La Seconde Guerre mondiale est sans comparaison avec la guerre de 14-18: conflit idéologique poussé à l’extrême, déchaînement inouï de violence contre les populations civiles, mise en œuvre d’un plan d’extermination à grande échelle, recours à la bombe atomique, etc. Au final, le bilan humain s’élève à près de 50 millions de morts. Une question surgit, résonnant comme un aveu d’impuissance: la charité a-t-elle encore sa place «au milieu des armes», comme le veut la devise du CICR Inter Arma Caritas?
Isolée au milieu de l’Europe en guerre, la Suisse est dangereusement encerclée par l’Axe à partir de la défaite française de juin 1940. Entre un esprit de résistance incarné par le général Guisan et de contestables compromissions avec l’Allemagne nazie dictées par la Realpolitik, la Confédération met en place une stratégie de survie. Muni des pleins pouvoirs, le Conseil fédéral entend faire coïncider les activités humanitaires suisses avec les intérêts de sa ligne politique: un poste de délégué au Conseil fédéral pour les œuvres d’entraide internationale est alors créé, avec pour conséquence la subordination – non sans heurt – des exigences humanitaires à la raison d’Etat. Ainsi la composante humanitaire fait partie de l’arsenal politique de la Confédération et devient même un élément essentiel de sa diplomatie.

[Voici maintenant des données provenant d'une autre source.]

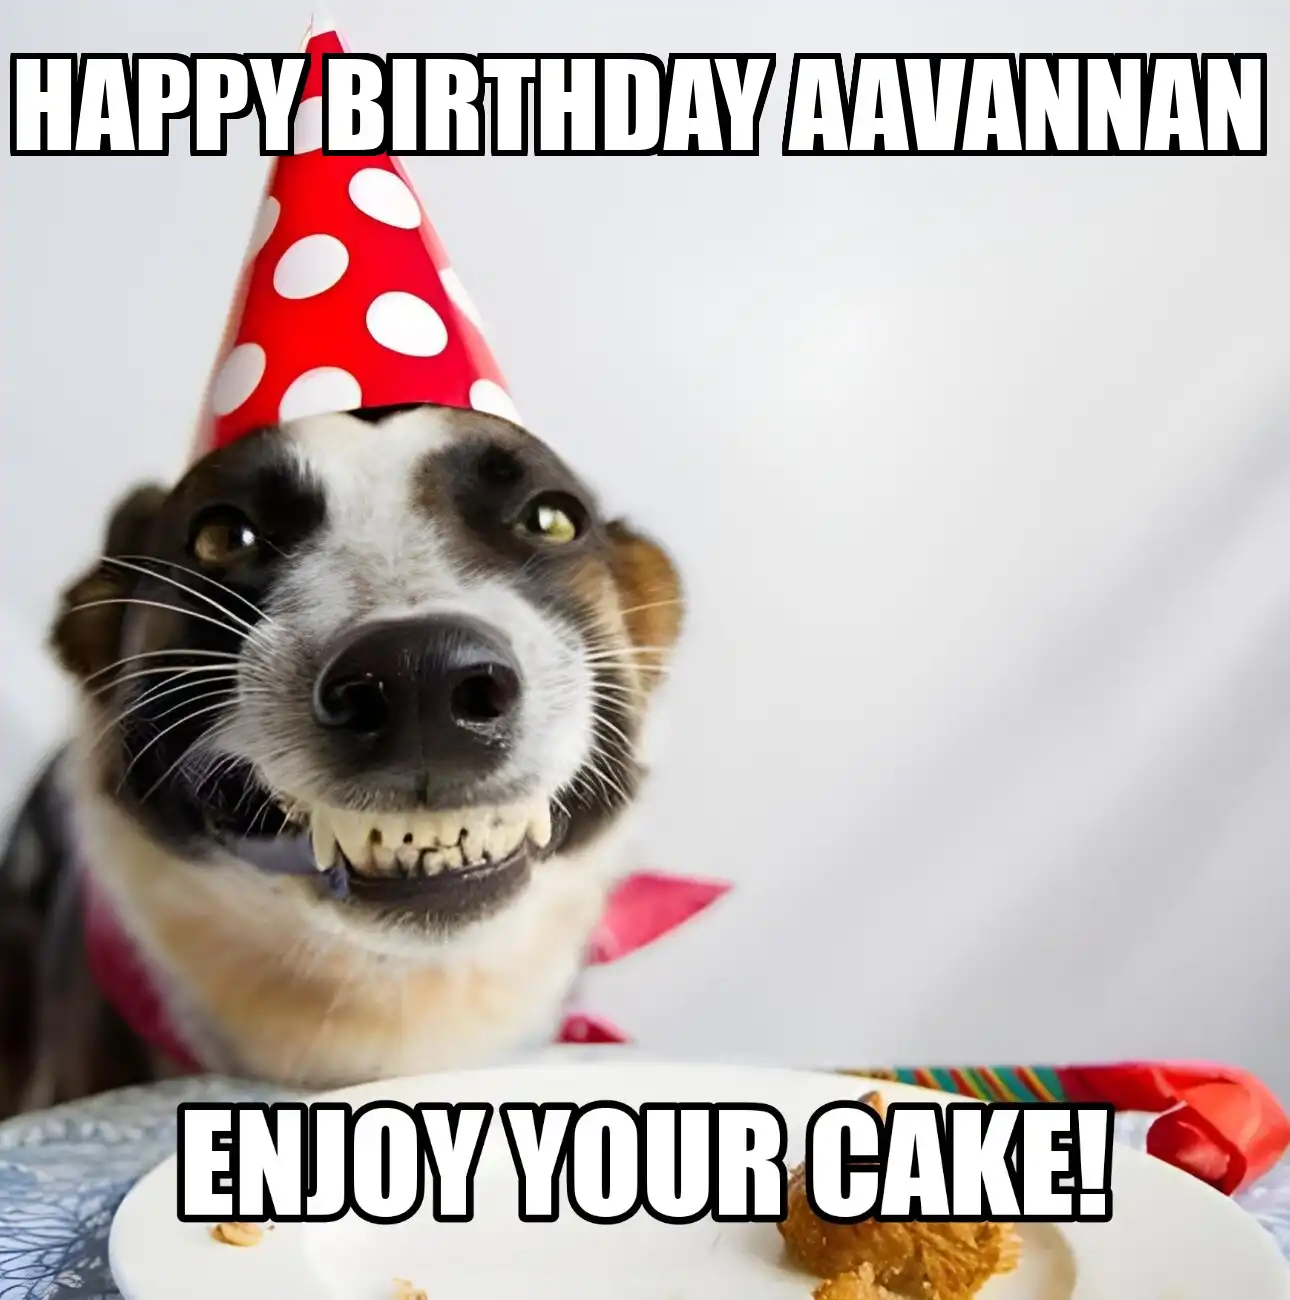 Happy Birthday Aavannan Enjoy Your Cake Dog Meme
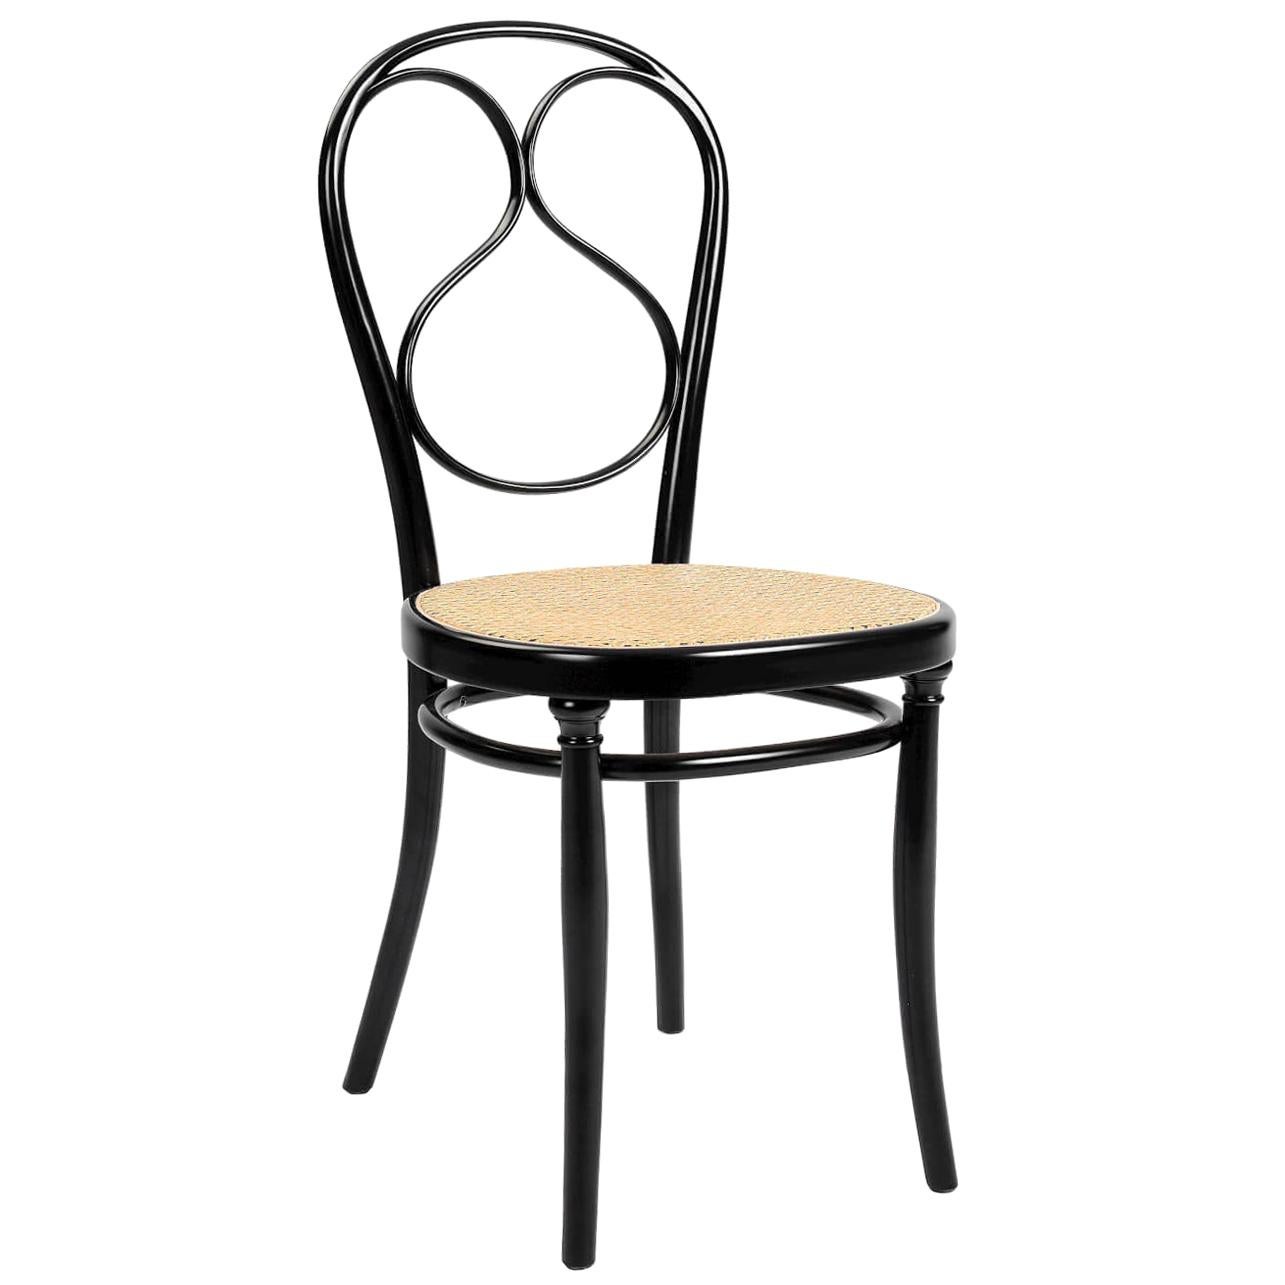 Gebrüder Thonet Vienna GmbH N.1 Chair in Black with Cane Seat For Sale

En liant les principes de neutralité et d’humanité, la Suisse devient une terre de refuge pour des centaines de milliers de personnes menacées. Elle intervient également à l’étranger en faveur des pays dévastés par la guerre, par le biais notamment de la Croix-Rouge suisse. Cette dernière s’illustre dans ce domaine à travers un nouvel organisme créé spécialement pour porter secours aux enfants accablés par la guerre: la Croix-Rouge suisse – Secours aux enfants. Bien qu'elle se présente comme une action éclatante, cette dernière porte sa part d'ombre: l'impossibilité pour les enfants juifs menacés de mort de trouver refuge en Suisse.